Ball é a maneira mais informal de nomear os bailes em si: eventos de longa duração em que cada participante performa em sua categoria. Até mesmo por isso se explica o nome Ballroom, que determina os lugares onde acontecem esses encontros. Cada evento conta também com seus prêmios, sendo dado a quem vence o Grand Prize, troféu que traz muito prestígio ao vencedor(a/e) e a sua house. A honraria trazia um grande reconhecimento dentro da comunidade: a maioria das Mothers foram vencedoras de Grand Prizes e, quanto mais prêmios, maior a fama e o sucesso daquela casa.
Quando falamos da influência da Ballroom na cultura pop, um grande exemplo é a música Vogue, um dos maiores sucessos da carreira de Madonna, que apresentou uma parcela dessa cultura ao mundo no início dos anos 1990. A canção conta com a participação ativa de José Xtravaganza. Importante relembrar que a artista não é e nunca foi a fundadora do estilo de dança conhecido como vogue, mesmo tendo figurado o clipe e as apresentações da música, além de ter sido o rosto representativo dessa manifestação em um imaginário popular por muito tempo. A influência também pode ser notada na produção de FKA TWIGS, cantora e performer que já esteve presente em alguns balls, como o The Mugler Ball (2014).
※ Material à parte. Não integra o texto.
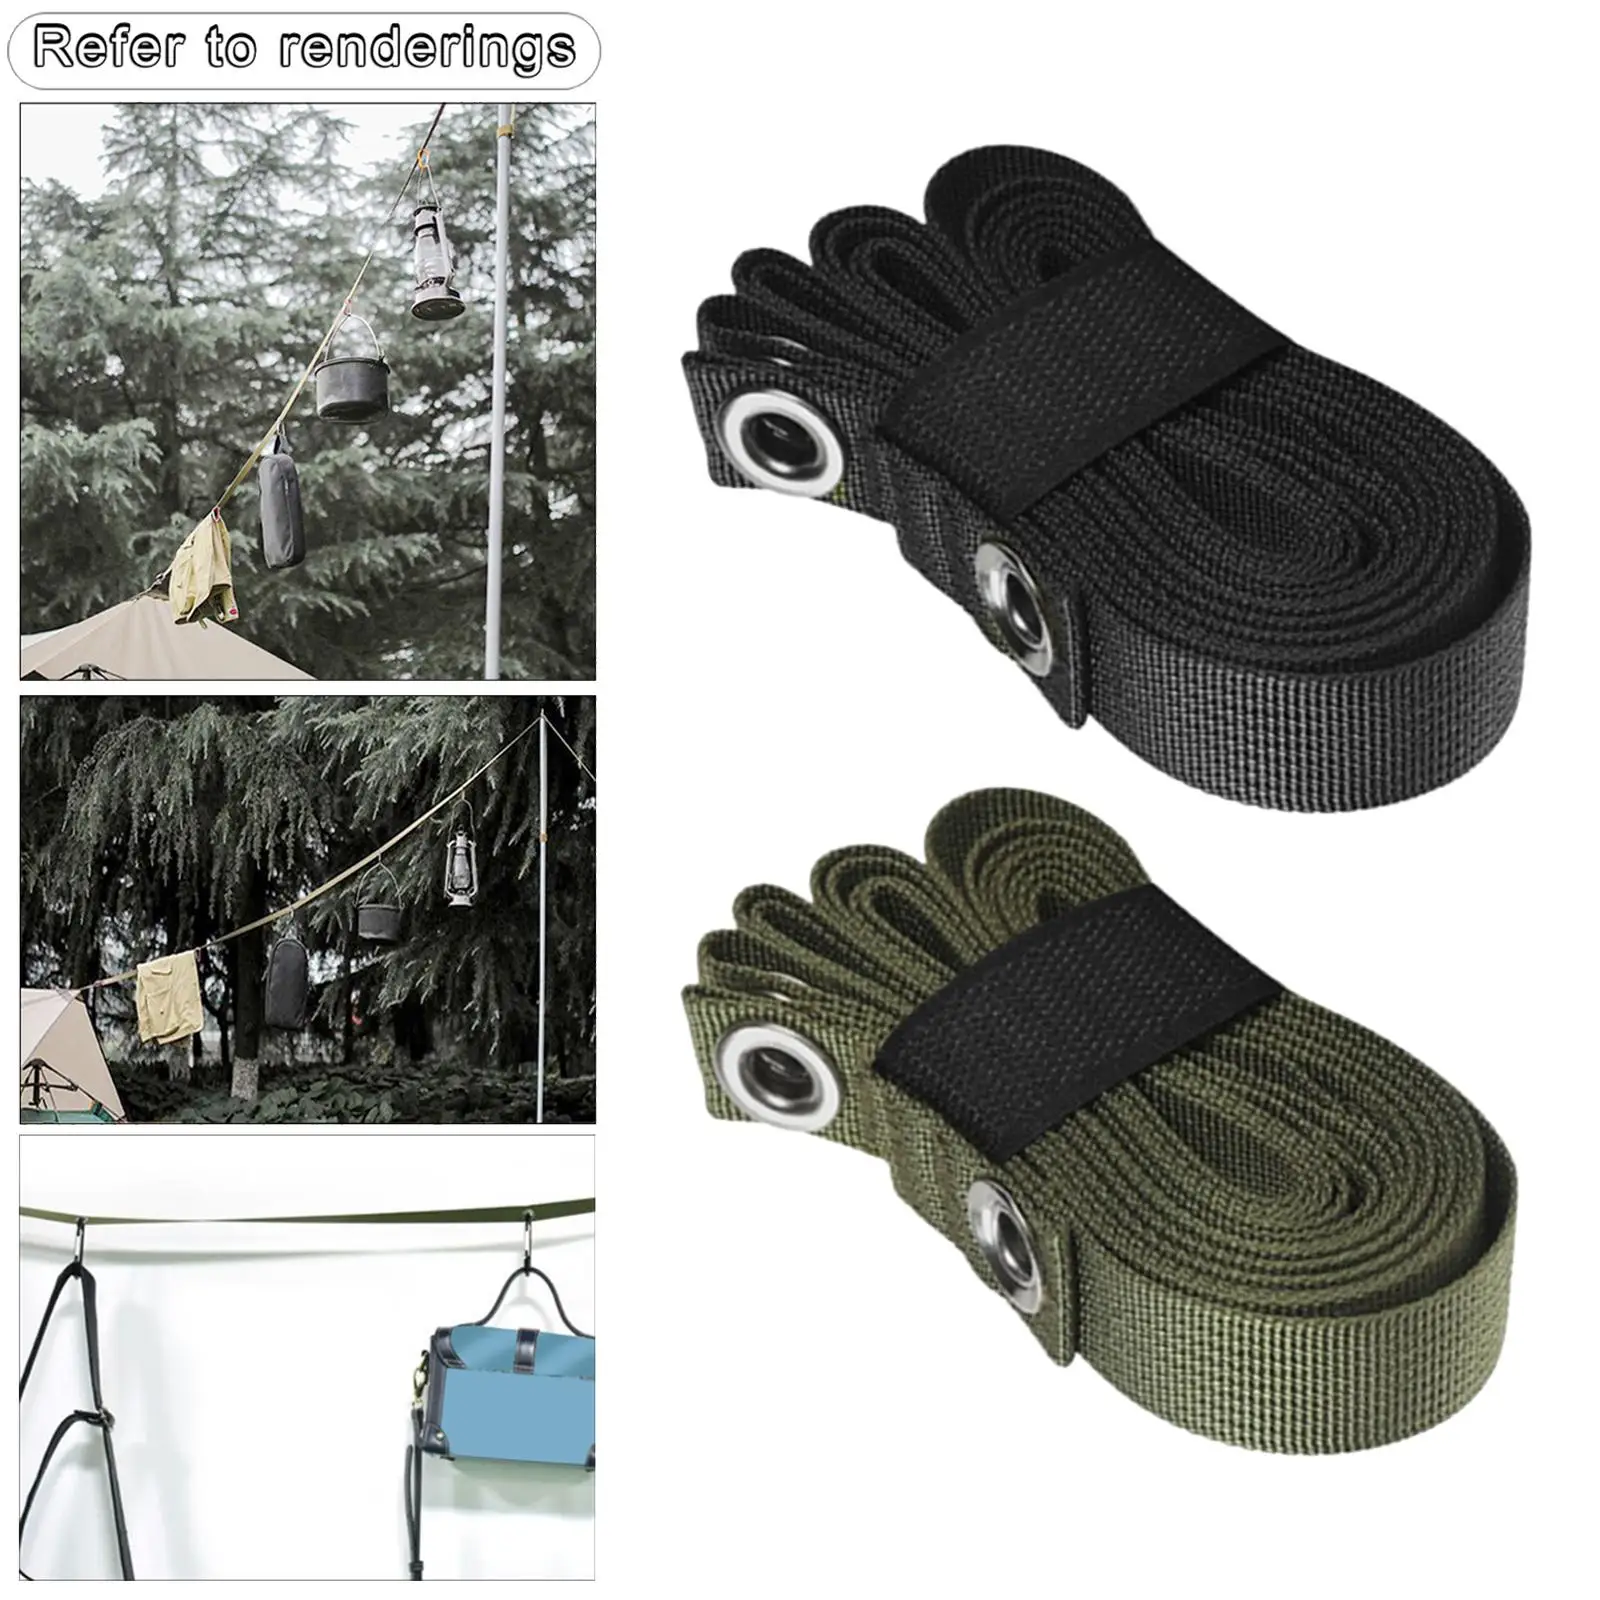 Camping Lanyard Organizer Camping Accessories Hanging Rope Extension Belt
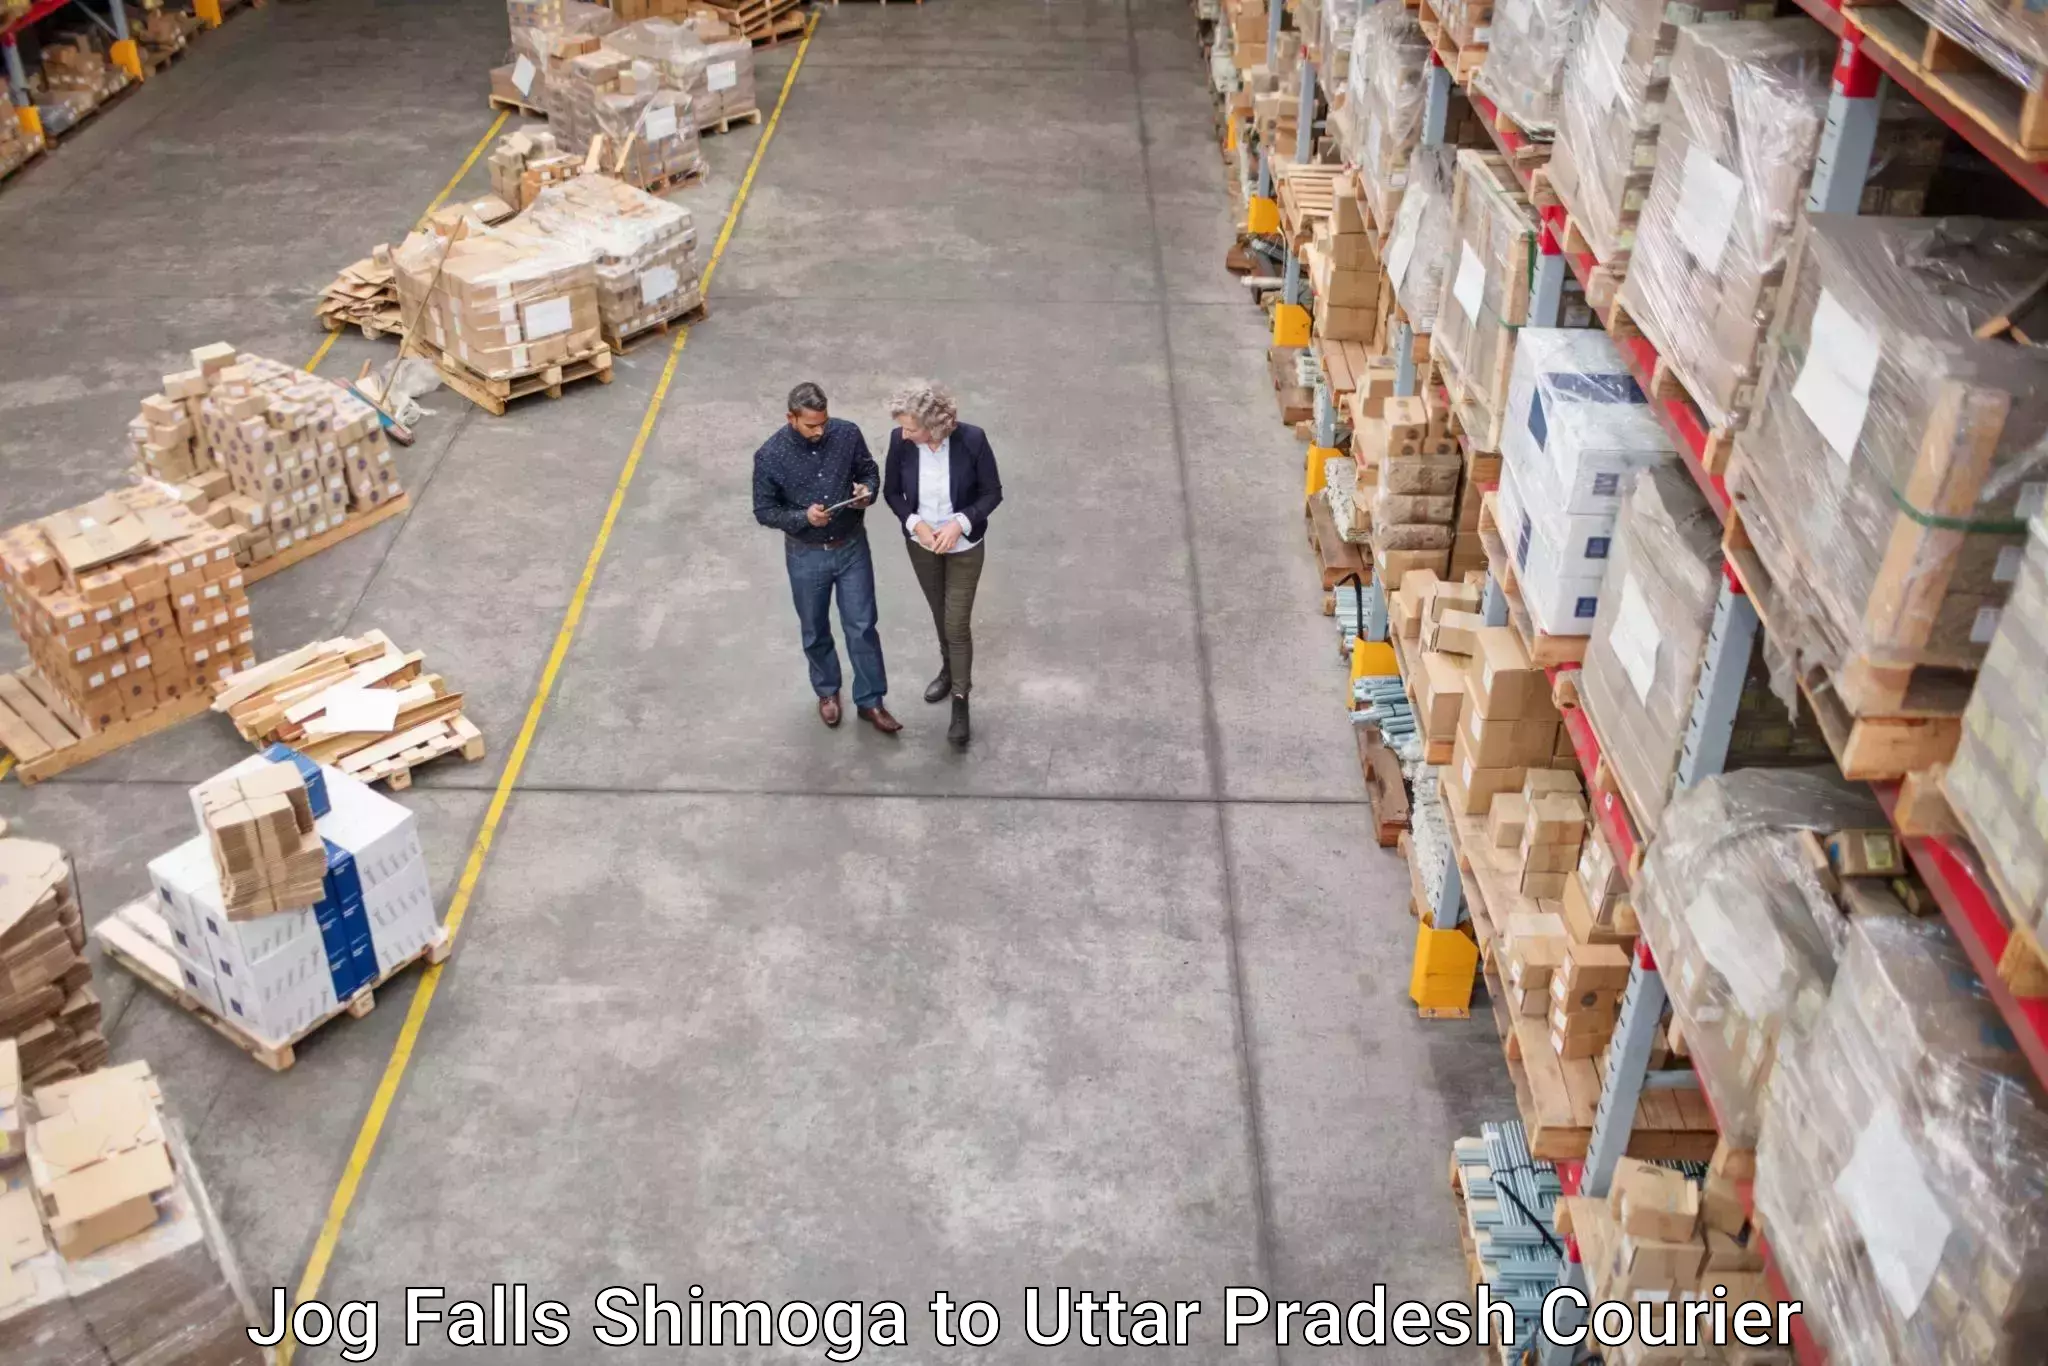 Cargo delivery service Jog Falls Shimoga to Bareilly

Um dos exemplos mais recentes e de maior explosão no cenário musical global é o álbum Renaissance. O projeto, protagonizado por Beyoncé, mas que carrega uma extensa lista de artistas envolvidos, veio como um resgate à cultura queer, apresentando o que há de mais potente na união dos ritmos. Na Sétima Arte, Pose da FX e Legendary da HBO são destaques, retratando o funcionamento das balls e as pessoas que participavam e ainda participam desses encontros. Mesmo falando muito no passado, por citar e tratar pontos históricos, é válido reforçar que a cultura Ballroom segue viva e resistente.
No contexto de um país que mais mata pessoas LGBTQIA+ no mundo, é irônico sugerir que a comunidade tenha benefícios, imponha ditaduras ou algum tipo de glamourização em ser uma pessoa não heterossexual no Brasil. A fala da personagem Alícia, da novela A Favorita (2009), na qual afirma que “o chique é ser gay” pode ter virado um meme nas redes sociais recentemente, mas, nas entrelinhas, sabe-se que o riso vem como forma de tirar do centro o poder de quem se sente no direito de controlar a vida, os jeitos e os sentimentos do outro.
Nesse cenário de luta diária, a cultura Ballroom também chegou aqui como um símbolo do movimento queer relacionado a pessoas não brancas. A primeira house brasileira é a House of Hands Up, fundada em 2015 por Eduarda Kona Zion em Brasília. Essa cultura de espaços acolhedores se fortalece até os dias atuais no país por ser um lugar com uma função social: acolher e permitir a existência de quem foi marginalizado pela sociedade por ser diferente do que é considerado a ‘norma’.
Lembrar e exaltar a cultura Ballroom é uma forma de colocar sob os holofotes pessoas negras, latinas e LGBTQIA+ e dar uma nova visão à sociedade, na qual essas vidas não estão atreladas ao sofrimento. Referenciando a fala da Deputada Federal Érika Hilton, “Aonde estão as pessoas trans além da prostituição? Aonde estão as pessoas trans além das manchetes policiais?”, estão nas balls, nas houses, expressando sua vida pela Arte da Dança e da Música. E estão muito além do que a sociedade os enxerga: estão ressignificando e criando. A Ballroom pode ser descrita como uma forma coletiva de sobrevivência, mesmo quando tudo de si é tirado. É sobre se encontrar em um lugar, se reconhecer e tornar sua vida fabulosa nas suas possibilidades de ser.